Однако тот когда-то общался с партизанами и понял сразу, что Воронцова не в духе — ну не могут же в русском языке все слова быть мытерными, кроме одного, обозначающего задницу. Впрочем и сам Папа был не в настроении, на что имел веские причины. Третьего дня на него наехали. Подгребли на рынке шестеро быков, которым еще и хрен рога обломаешь, гавкнули, понтуясь: «Джей Кали! Знаешь, кто мы?» Еще бы не знать. Это были люди из клана таги, из тех, кто с криками «Джей Кали!» кидаются на свою жертву, душат ее румалами — ритуальными шарфами-удавками, вспарывают живот, потрошат, отрезают руки и ноги и закапывают в землю. И все это якобы в честь извращенки Кали, прозванной в знак уважения Кан-Кали, то есть «пожирательница людей». Однако вспарывать живот Папаше таги пока не стали — повесили денег немерено, включили счетчик и, закинув за спины свои шарфы-удавки, убрались. По постановке ног видно сразу — замочат. Неделю дали на раскрутку, падлы. И какое же после этого может быть хорошее настроение? Так что смурной сидел Папа за завтраком, вяло ковырял капусту в кефире и нехотя внимал сентециям Воронцовой. Очень удивлялся. Ну до чего странный этот русский, язык подпольщиков и партизан! Сирота. Папы у него нет, одна только мама. Впрочем нет, есть еще млеко, яйки, сало.
Лена же, ничуть не удивляясь, вежливо кивала, улыбалась внутренне и думала о своем — эко как мамахен распирает, села на любимого конька. И ведь и по-черному, и по-матерному, а все с непроницаемой ухмылочкой, без органолептики, на полном самоконтроле. Профи.
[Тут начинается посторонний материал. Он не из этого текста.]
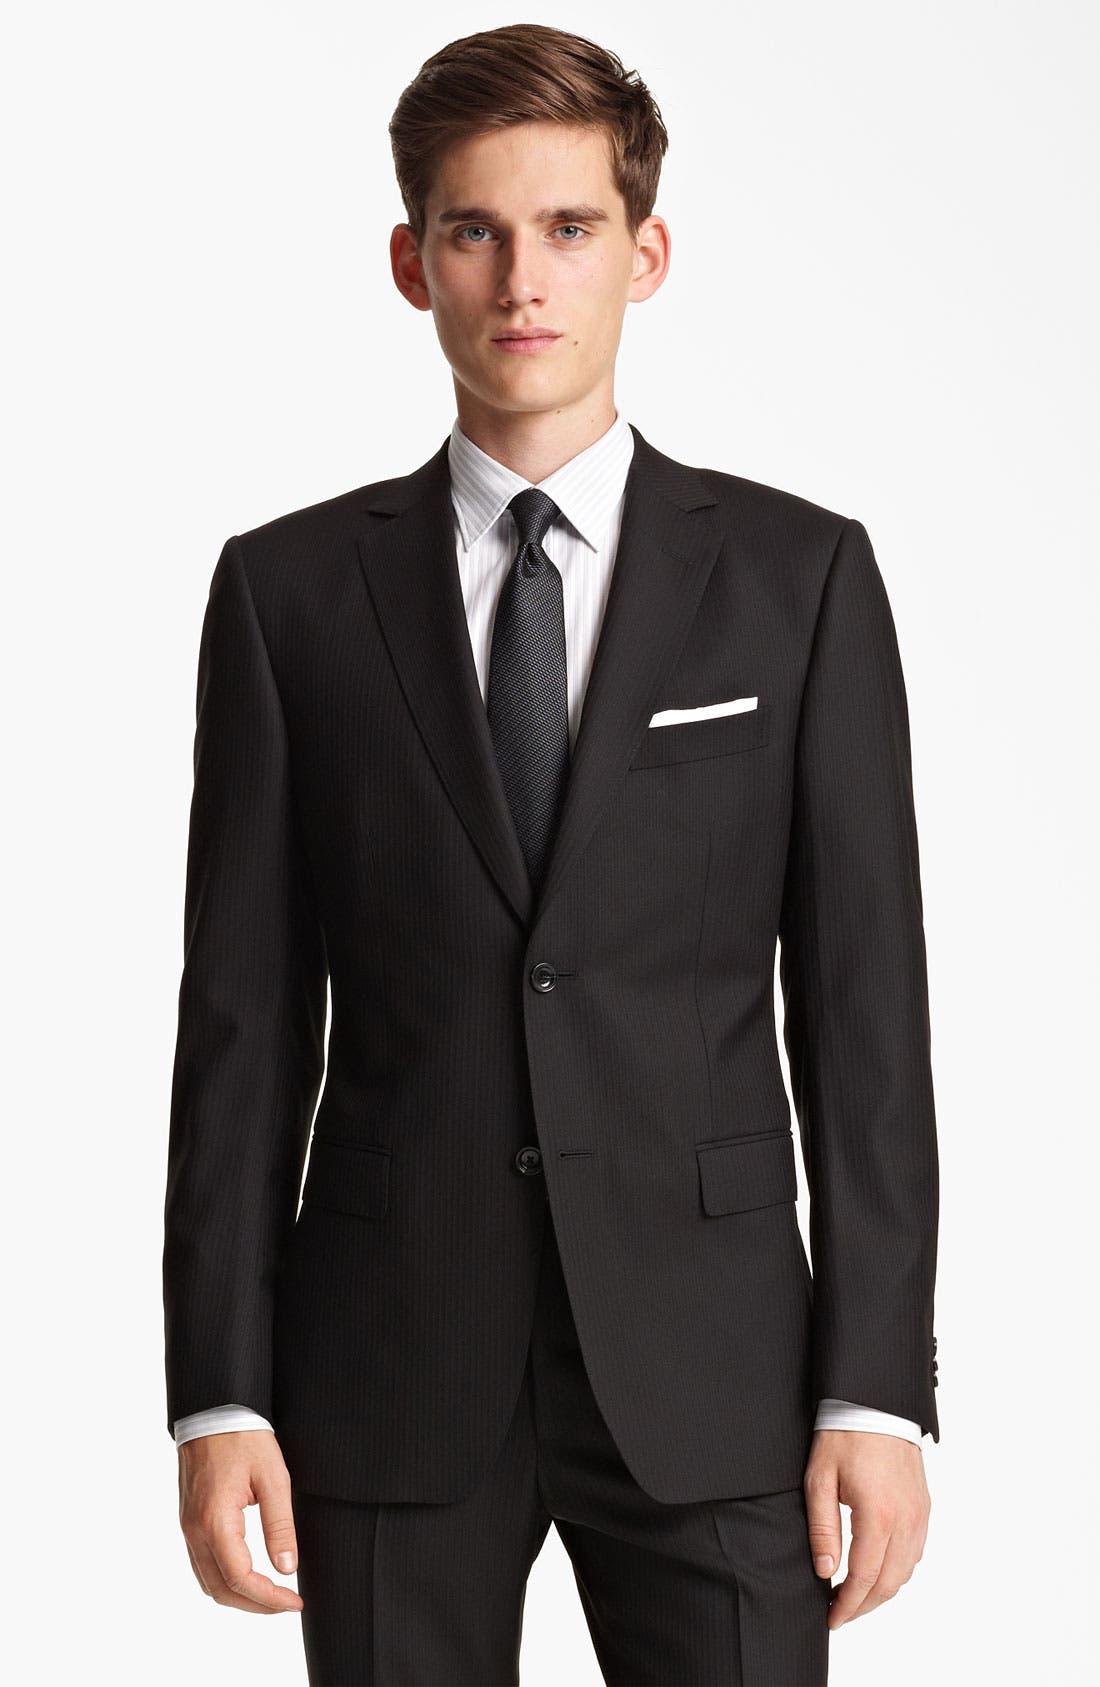 Alternate Image 1 Selected - Z Zegna Trim Fit Herringbone Suit

Нет бы берегла нервную систему, не за горами ведь климакс. Да, годы, годы. А сколько же ей? На вид лет тридцать — тридцать пять, больше, как ни старайся, не дашь. Глаз живой, ноги от зубов. Да, хороша мадам, слов нет — графская кровь. А матерится, как пьяный боцманмат. На мать она не обижалась, милые бранятся — тешатся. Относилась с пониманием и к факту нахождения ее второго мужа то ли в анабиозе, то ли в летаргии — ну что ж, бывает. Но вот Воронцовские радения на почве тантры с целью накопления внутренней энергии для воскрешения этого своего пребывающего в анабиозе мужа — бред, сексуальный блуд, вульгарнейший свальный грех, возведенный в ранг эзотерической практики. Групповуха у алтаря. Да еще кончать воспрещается — как же, табу, ужасный грех, нарушение гармонии астральных токов. Сплошной извод. А индусы-то соратнички потные, наглые, за версту воняющие козлом и чесноком. Тантристы хреновы. Вот-вот, именно, хреновы. Не баклажаны — козлы. Тьфу. Нет, что ни говори, а дети после восемнадцати должны жить отдельно от родителей…
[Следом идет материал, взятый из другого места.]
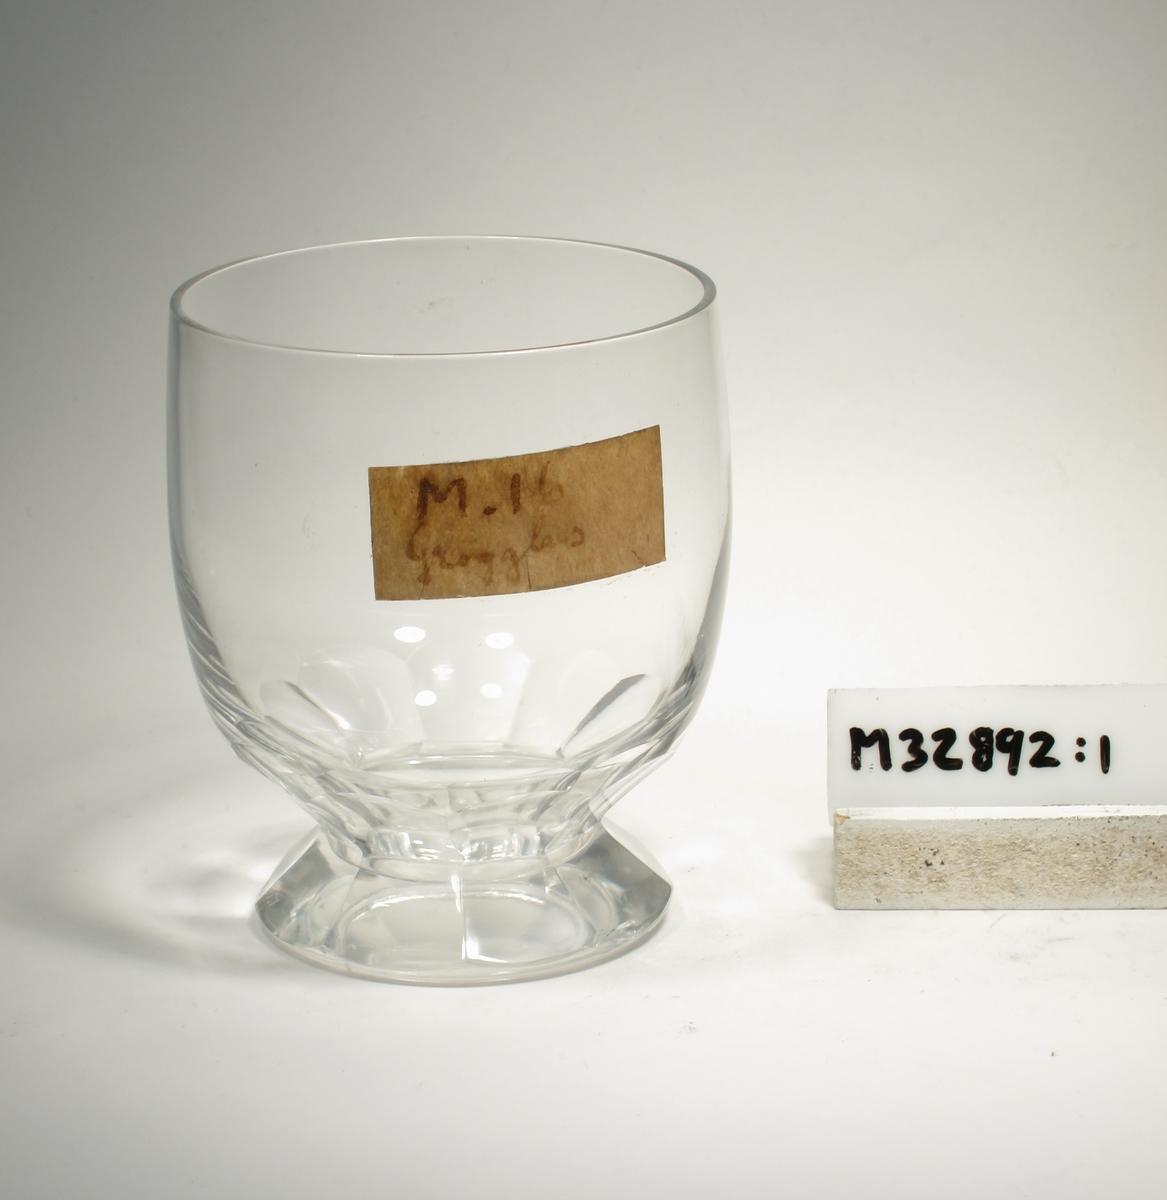 "Svagt elliptisk kupa på konisk klack. Glaset är facettslipad i 9 bågar. Lapp: ""M.16 Grogglas"""

— Мама, не теряй лицо, я не останусь, — Лена дождалась-таки конца тирады, улыбнулась с наигранной почтительностью. — И прошу тебя, довольно ремарок. Денег лучше дай на дорогу.
Честно говоря, она еще не знала, куда поедет.
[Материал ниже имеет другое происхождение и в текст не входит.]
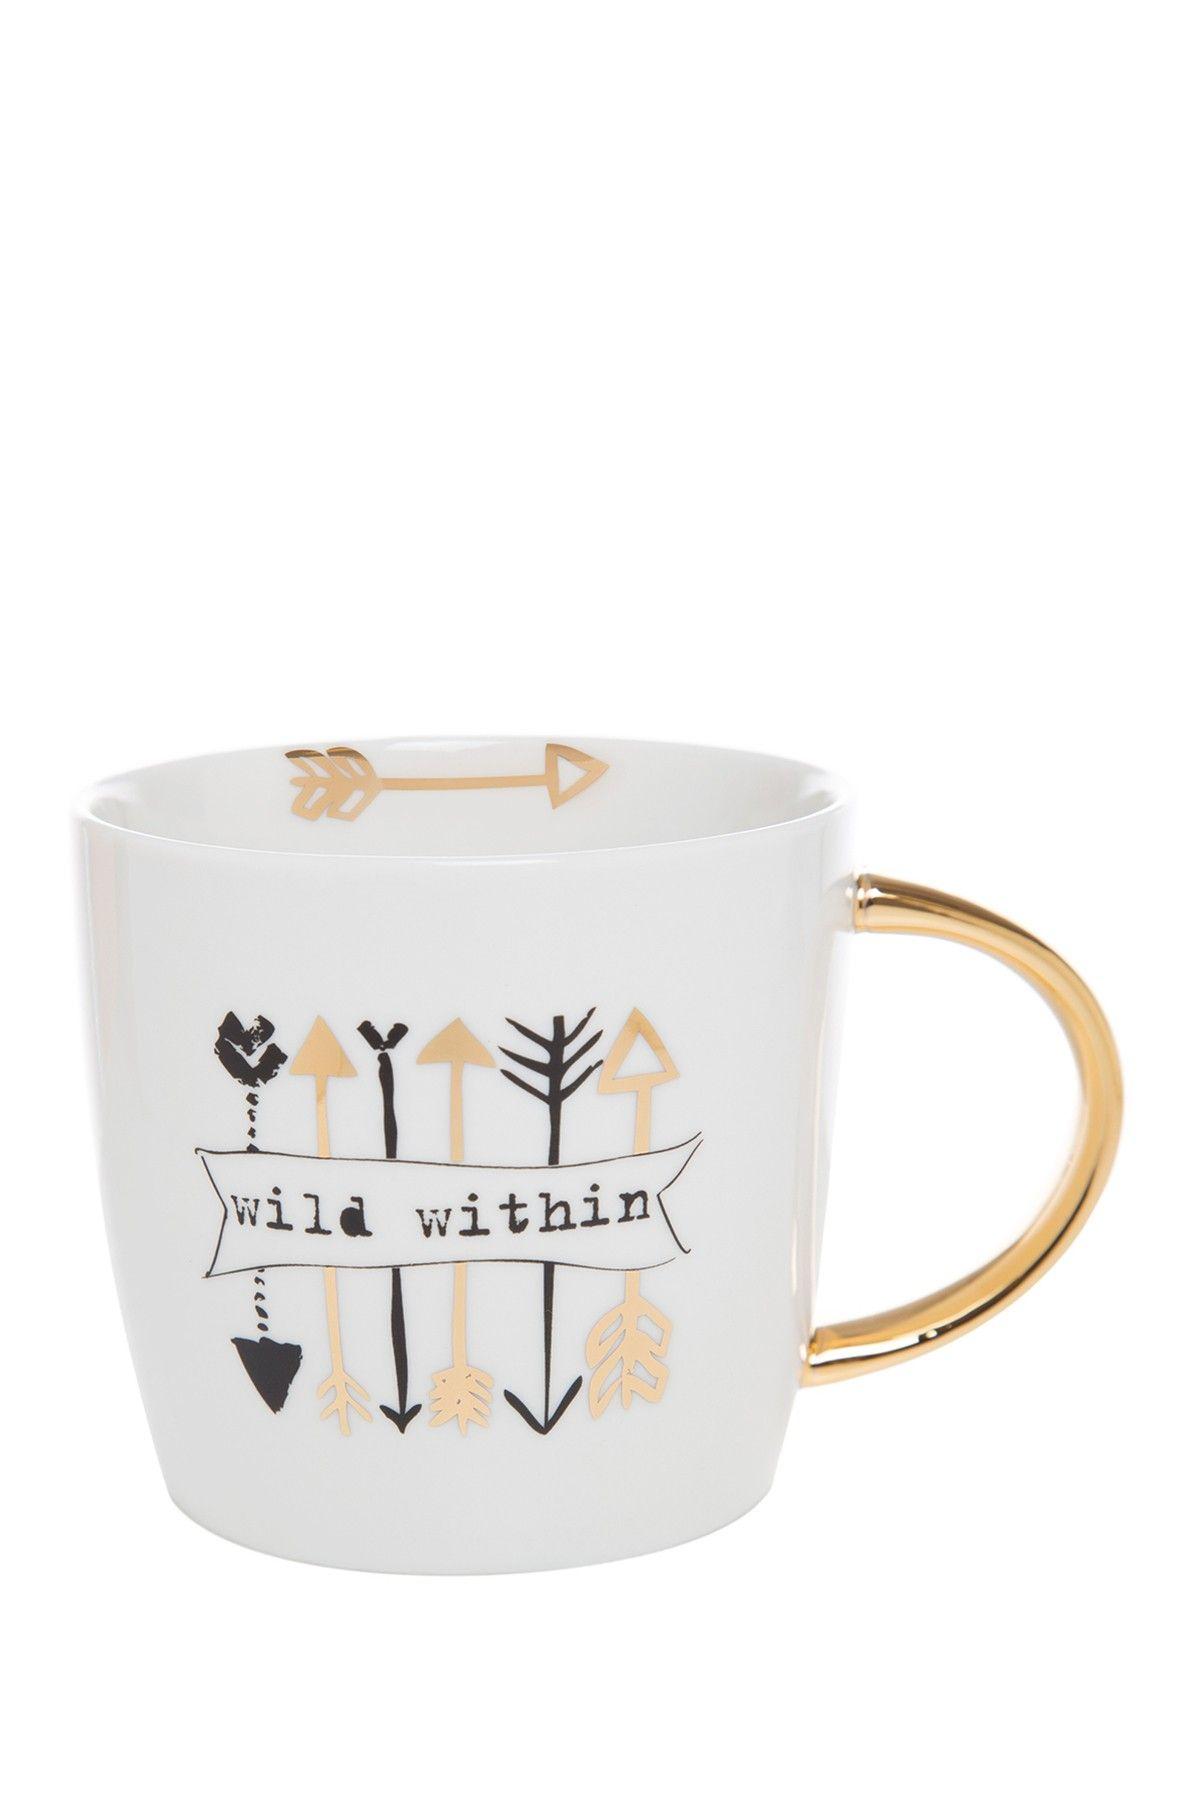 Slant Designs Wild Within Mug 14 Oz Mugs Diy Mugs Coffee

— Так, — Валерия внимательно взглянула на нее и сразу поняла, что разговоры все без толку. — Значит, хочешь в свободное плавание? По морям, по волнам? Загадочной варяжской гостьей? Ну-ну. Так вот, для начала поплывешь в каюте экономического класса, — она ехидно фыркнула, прищурилась и, жестом подозвав слугу, скомандовала по-английски. — Молодая госпожа уезжает. Немедленно. Помогите ей с вещами.
Вскинула точеный подбородок, повернулась к Лене и улыбнулась с убийственной язвительностью.
— Семь футов под килем, доченька. Счастливо проблеваться.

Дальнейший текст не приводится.